A few minutes later the power company notified the rescue personnel that the power was cut and the all clear was given.

Within just a few minutes the fire crews stabilized the car so that it couldn't roll or move.  A Narberth Ambulance team member was inserted into the vehicle to attend to the worst of any injuries and to protect the victim from breaking glass or metal shards from the destructive forces of pry bars and hydraulic rescue tools.  Chainsaws roared and growled as their destructive chained teeth ate into the tree limbs as if they were butter helping to remove significant portions of the tree from the vehicle.  The rescue crews kept a wary eye out from hitting the now dead power lines.  Hitting a power line active or dead with a chainsaw, even though the power was off could be deadly for the rescuer.  Accidentally hitting one could cause the wire to snap back hitting a rescuer with such force it could sever a hand or limb or worse.

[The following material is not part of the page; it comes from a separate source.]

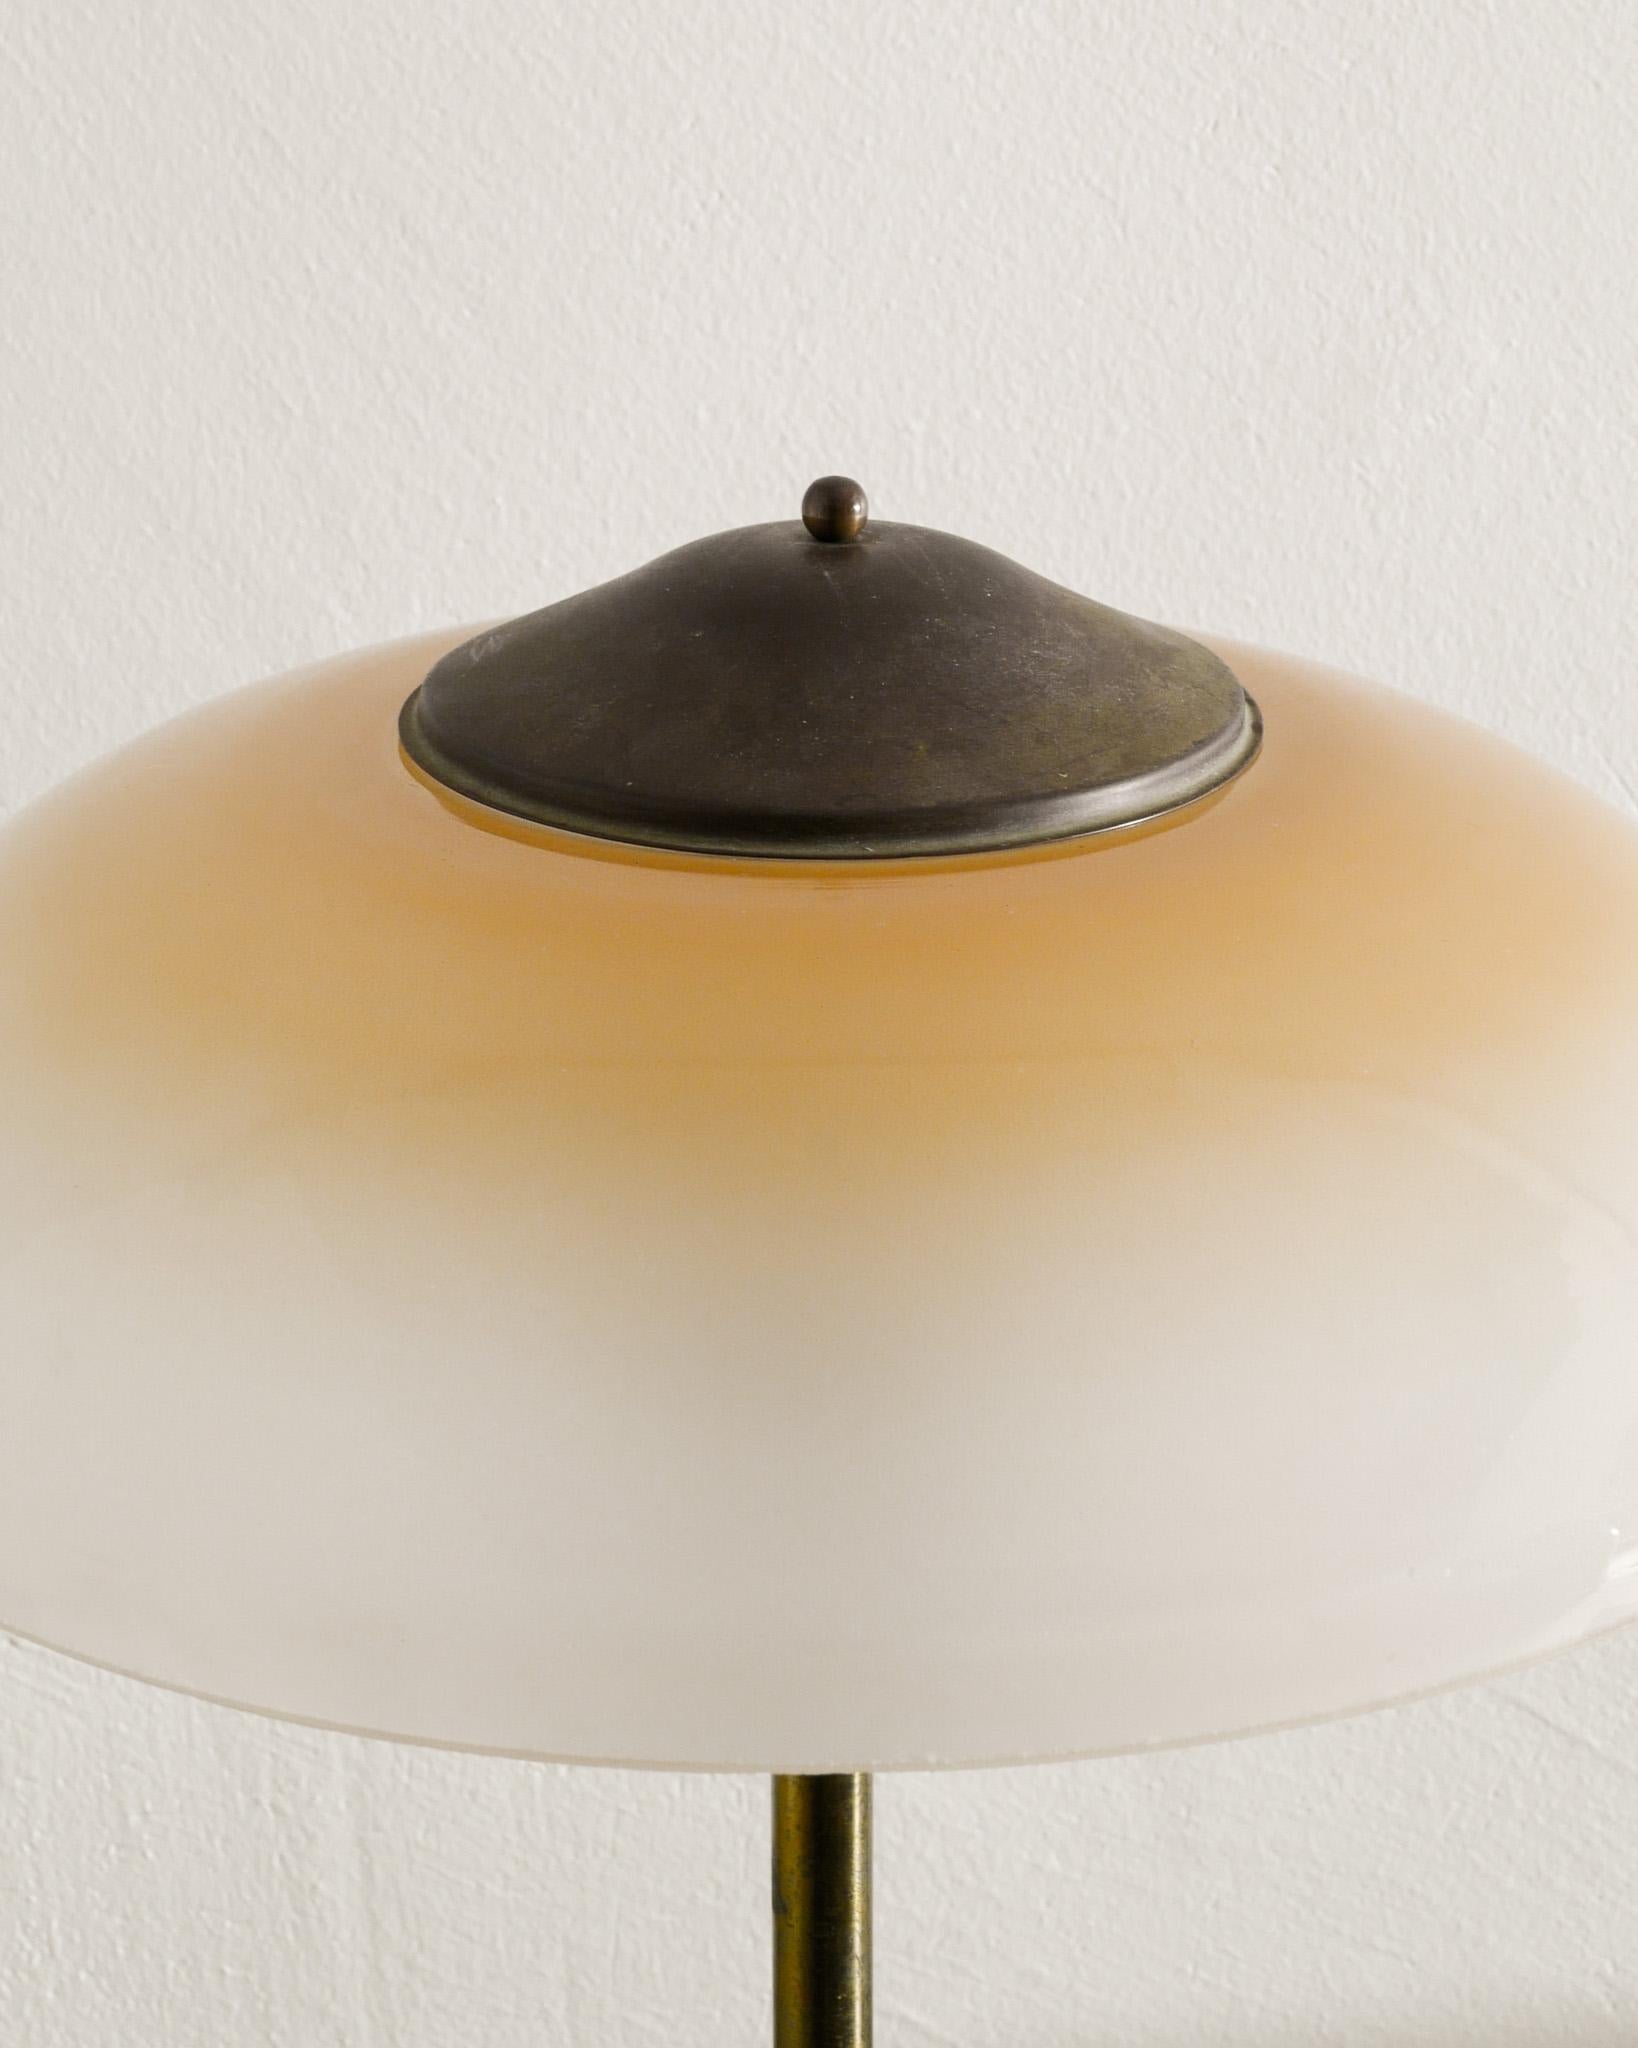 Danish Mid Century Table Desk Lamp in Brass & Glass by Fog & Mørup Denmark 1950s For Sale 2

Sunil Patel who witnessed the event was on his way to work in Blue Bell.  He relayed that he was stunned to learn that the majority of the rescuers were volunteers and they were not paid to be there.  Patel lives in West Philadelphia and didn't realize that people existed who trained to help others without any pay or recognition. He was taken aback by the thought that their volunteering could cause them to be hurt or worse.   He thought that like Philadelphia, PA all of the fire and EMS persons are paid.

TAPinto reached out to the EMS, Fire, and Police for details of the victim's injuries and they learned that one person was transported to Lankenau Hospital for treatment.   The ER department at Lankenau referred TAPinto to Lower Merion Township for details.